The contractor mandate is yet more violative of constitutional principles in question because it does not provide even these limited exceptions. In fact, the government’s FAQ explicitly says fully remote contractor employees must vaccinate or be fired without an explanation why.

Furthermore, the OSHA mandate provides for testing and masking options, while the contractor mandate does not. That the OSHA mandate allows for this less-intrusive alternative is another reason the contractor mandate is more vulnerable.

A vaccine mandate is also much further from the Procurement Act’s stated purpose of “economical and efficient” procurement than it is from the OSHA statute’s stated purpose. At least the OSHA statute is concerned with the health and safety of workers, albeit not outside the workplace. The Procurement Act, on the other hand, has nothing to do with worker health and safety.

Because the Procurement Act is designed solely to promote “economical and efficient” procurement of government contracts, the economic consequences of a vaccine mandate pose a big problem for the government. The government claims forcing contractors to fire unvaccinated employees will improve procurement efficiency by reducing worker absenteeism due to Covid-19 infections.

This defies common sense. As staffing shortages in the health-care industry demonstrate, firing employees for declining vaccination inflicts far greater economic disruption than temporary absenteeism.

Even the federal government disbelieves its efficiency-based pretext, as it has repeatedly delayed the date upon which it is supposed to fire unvaccinated federal workers, presumably because of the trouble that such action would cause. Before the Supreme Court’s OSHA decision, the U.S. Postal Service asked to be exempt from the OSHA vaccine mandate because otherwise it will suffer mass loss of workers and service disruptions.

The federal government clearly understands that firing workers for no reason apart from them being unvaccinated undermines “economical and efficient” operations because it repeatedly exempted itself from firing its own unvaccinated employees even as it forces private businesses to do so.

A Crucial Deficiency

All of the federal vaccine mandates suffer from a crucial deficiency: Evidence is piling up that transmission is possible despite vaccination, as CDC Director Rochelle Walensky has admitted. This is especially true with omicron, which is causing worker absenteeism among vaccinated and unvaccinated.

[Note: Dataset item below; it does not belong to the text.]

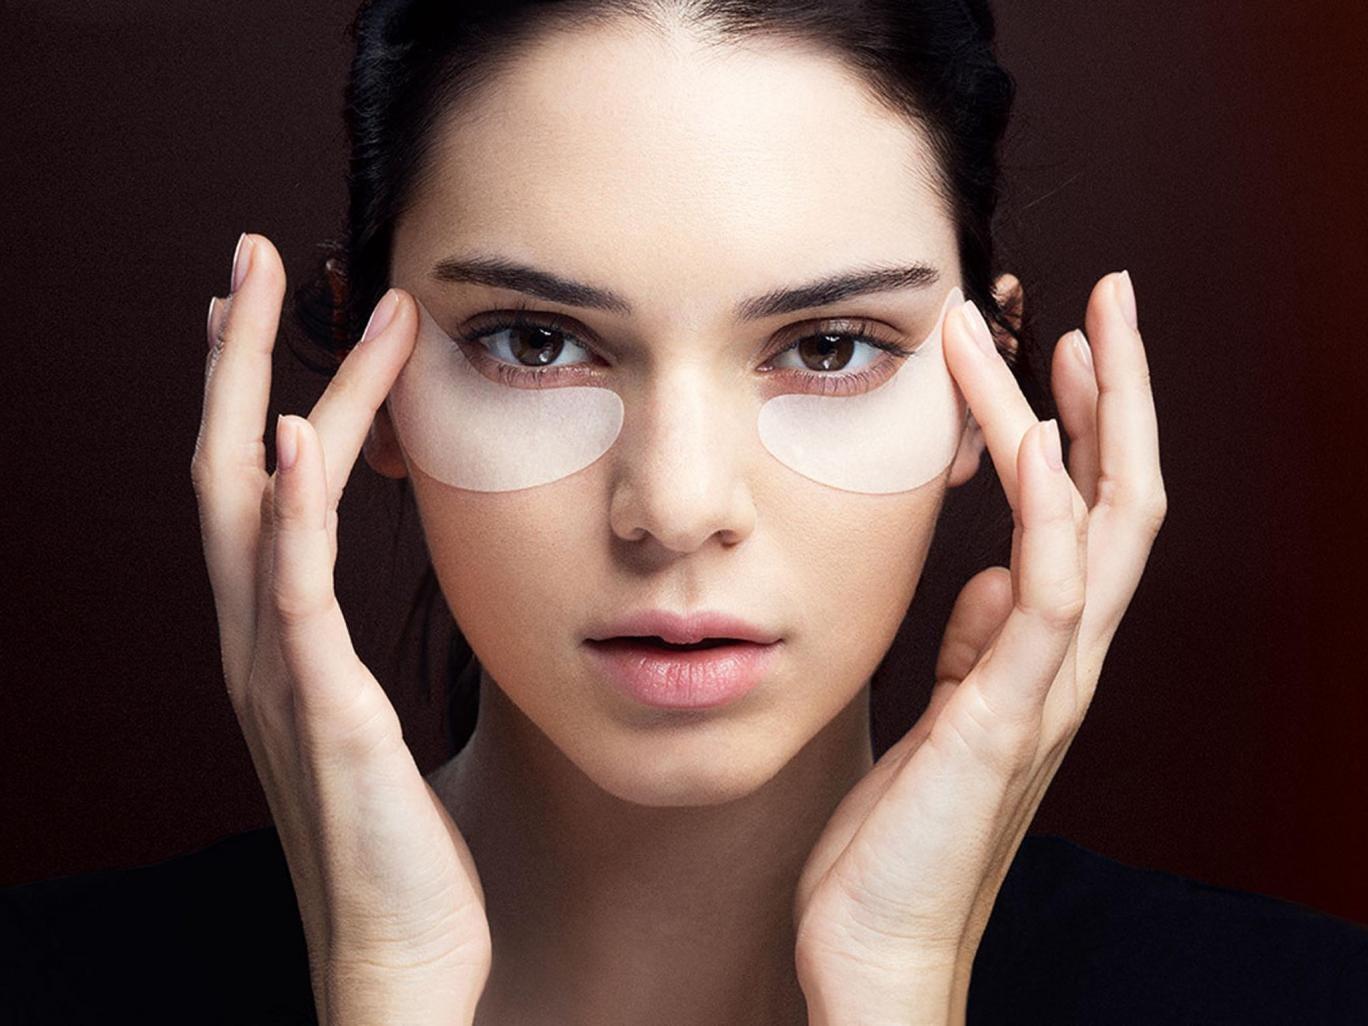 Rounding in the eyes. How women distinguish rich men from pontorezov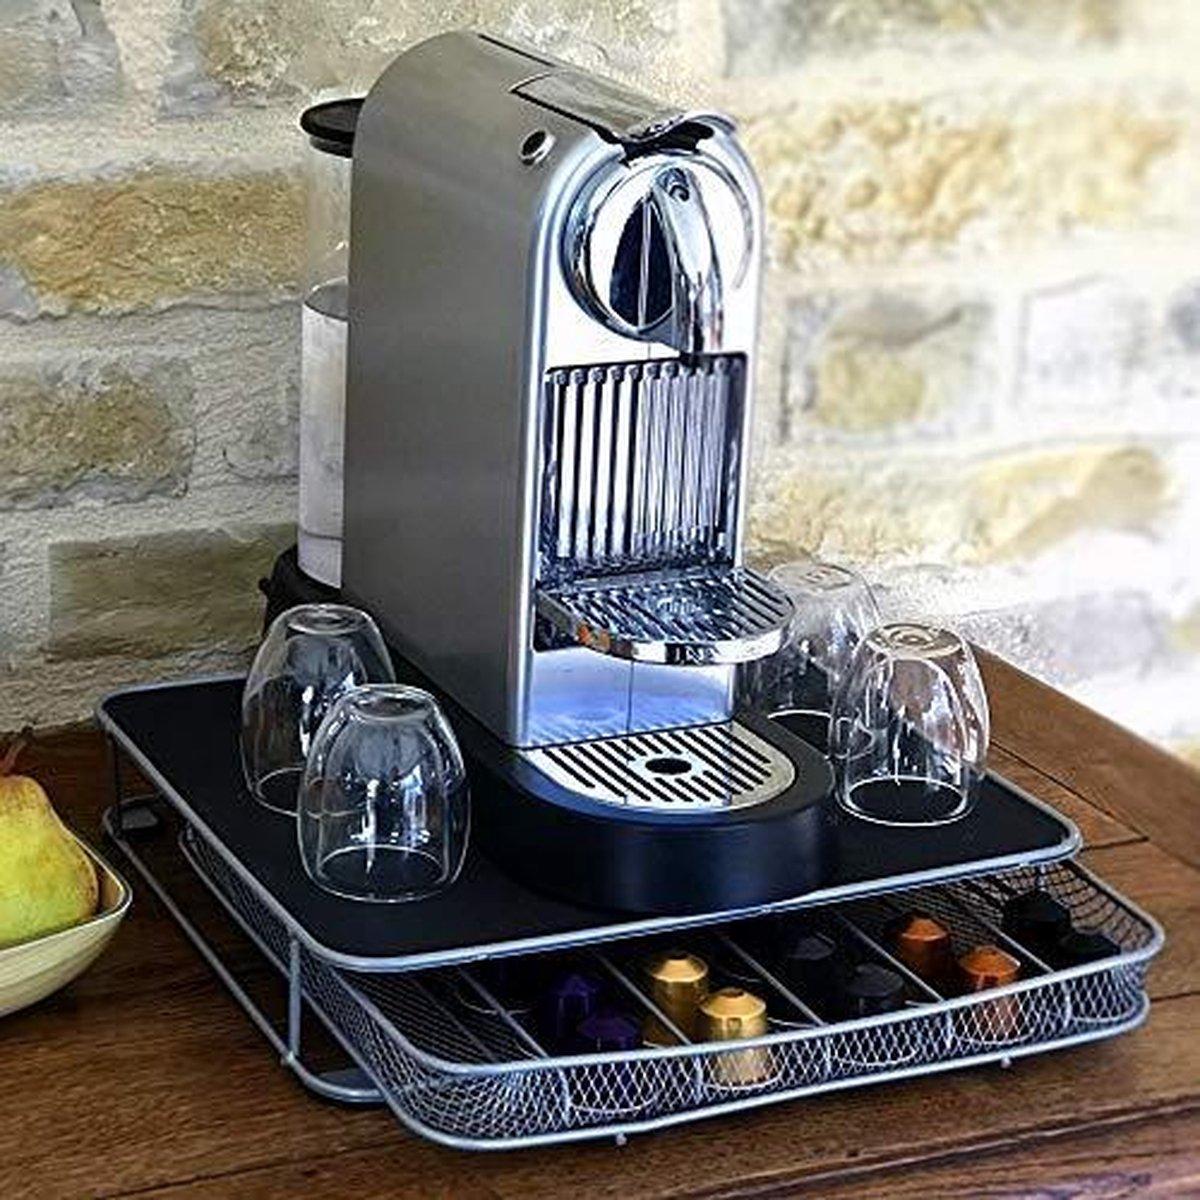 Capsulehouder  - Capsule lade - Koffie Capsule - Cuphouder Dispenser - Cups Houder - 30 Capsules

In the OSHA case, the government conceded that a mandate may be justified solely based on benefits to the individual employee, as opposed to stopping transmission, but such a philosophy would allow virtually endless intrusions into people’s personal health decisions. The Supreme Court correctly concluded Congress could not possibly have intended for OSHA to regulate personal health.

The same is true for the Procurement Act. Otherwise, there would no limiting principle. The government could, for example, force employees of contractors to eat vegetables and exercise to reduce health-related absenteeism, thereby making them more “economical and efficient” in fulfilling government contracts.

How ironic those purporting to champion workers’ rights are advancing a legal theory that treats workers as mere commodities to be exploited for the government’s benefit.